The following treatment strategies are available to treat patients with recurrent neuroblastoma:
- A local recurrence in a patient with early-stage illness normally has a fair prognosis, and patients are routinely treated with conventional chemotherapy, surgery, and/or radiation if needed.
- Patients who arrive with disseminated illness have a significant recurrence rate and a poor prognosis.
- Various phase I/II agents are often available for individuals with recurrent illness in this situation.
The following response criteria are used to evaluate the efficacy of therapy:
- Complete clinical response - A reduction of more than 90% in the main tumor and metastatic disease (if any), no new lesions, and healing of bone lesions.
- A partial clinical response is defined as a reduction of 50% or less (sum of the products of the largest perpendicular diameters) in the main tumor and metastatic illness (if any), the absence of new lesions, and the healing of bone lesions.
- Minor response - A decrease of more than 25% and less than 50% (sum of the products of the largest perpendicular diameters) of the main tumor and metastatic disease (if any), no new lesions, and healing of bone lesions.
- No response - A reduction of less than 25% (the sum of the products of the largest perpendicular diameters) in the original tumor or metastatic disease (if any), with no new lesions.
- Progressive disease is defined as a rise of more than 25% (sum of the products of the largest perpendicular diameters) in the original tumor or all metastatic lesions (if any), as well as the formation of new lesions.
Neuroblastoma is an uncommon abdominal tumor that affects children under the age of five. However, if the tumor is not detected in time, it is deadly. As a result, neuroblastoma is best diagnosed and treated by an interprofessional team that includes a pediatrician, a pediatric surgeon, an oncologist, a radiation therapist, social workers, a pharmacist, a dietician, and specialty care nurses. Because young kids have unique needs, it is critical to establish a staff devoted to pediatric malignancies. Because all cancer therapies might restrict development, a dietician should be included in the care from the start.

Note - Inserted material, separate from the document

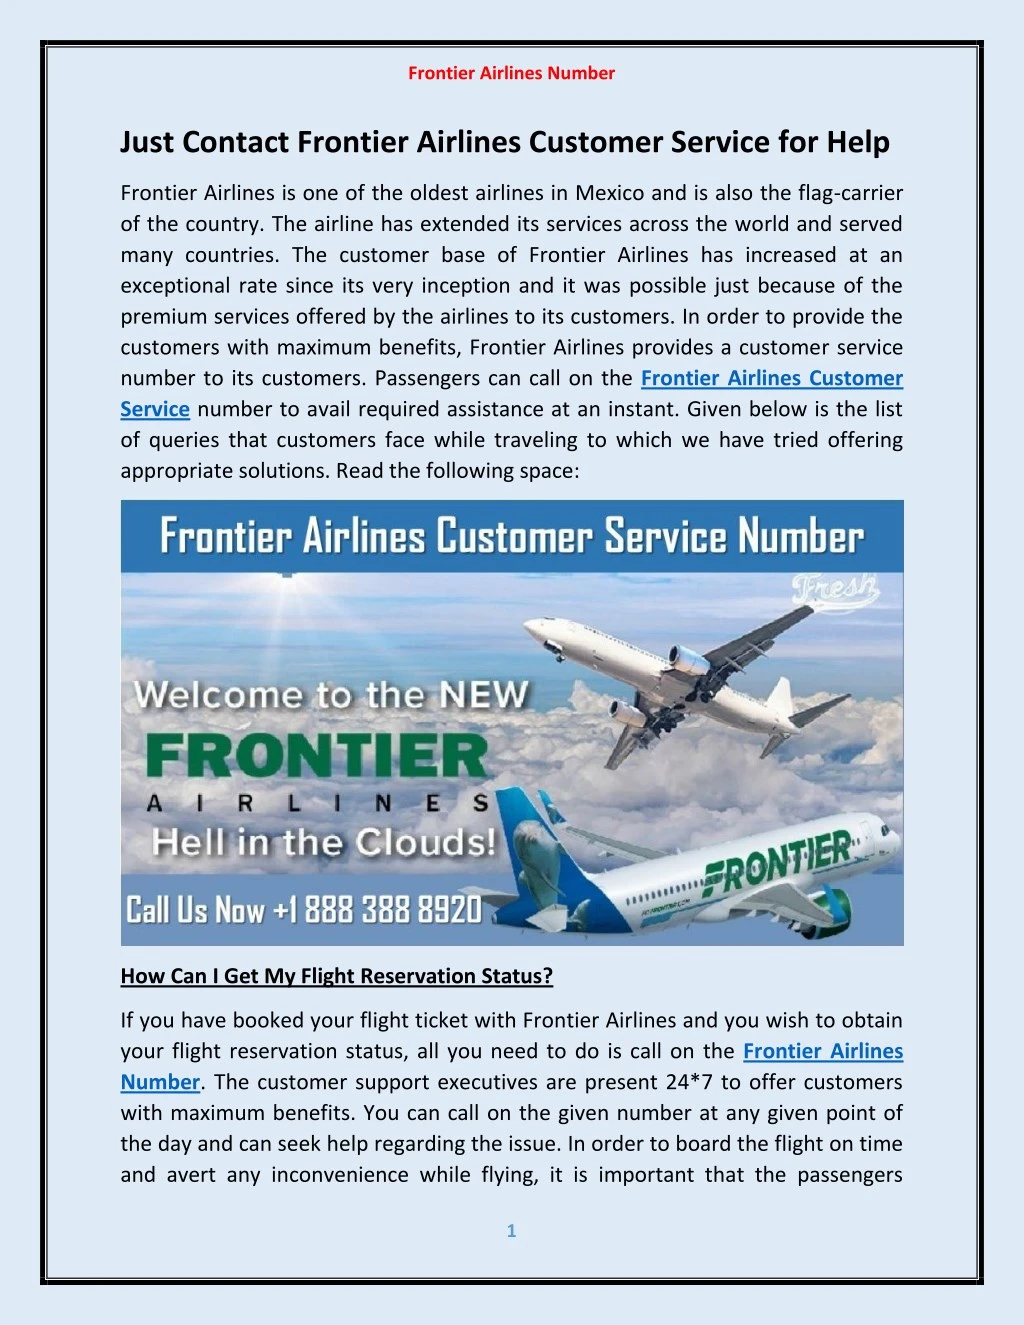 frontier airlines number

The tumor can appear anywhere along the sympathetic chain and is often misdiagnosed as a Wilms tumor. Oncologic pharmacists help with chemotherapy formulation, screen for drug-drug interactions, and educate families and patients.
Oncology nurse practitioners and nurses play an important role in patient treatment and family education. Some children may acquire neurological abnormalities that limit motor function, necessitating occupational therapy. A pleasant atmosphere is critical for the youngster to flourish in this challenging scenario. To better their care, team members should interact honestly with one another.
The survival of these individuals has improved marginally over the last decade for early-stage lesions, but it is catastrophic for late-stage lesions. As a result, there is a tremendous drive for the development of tailored medicines in the intensive management of high-risk patients.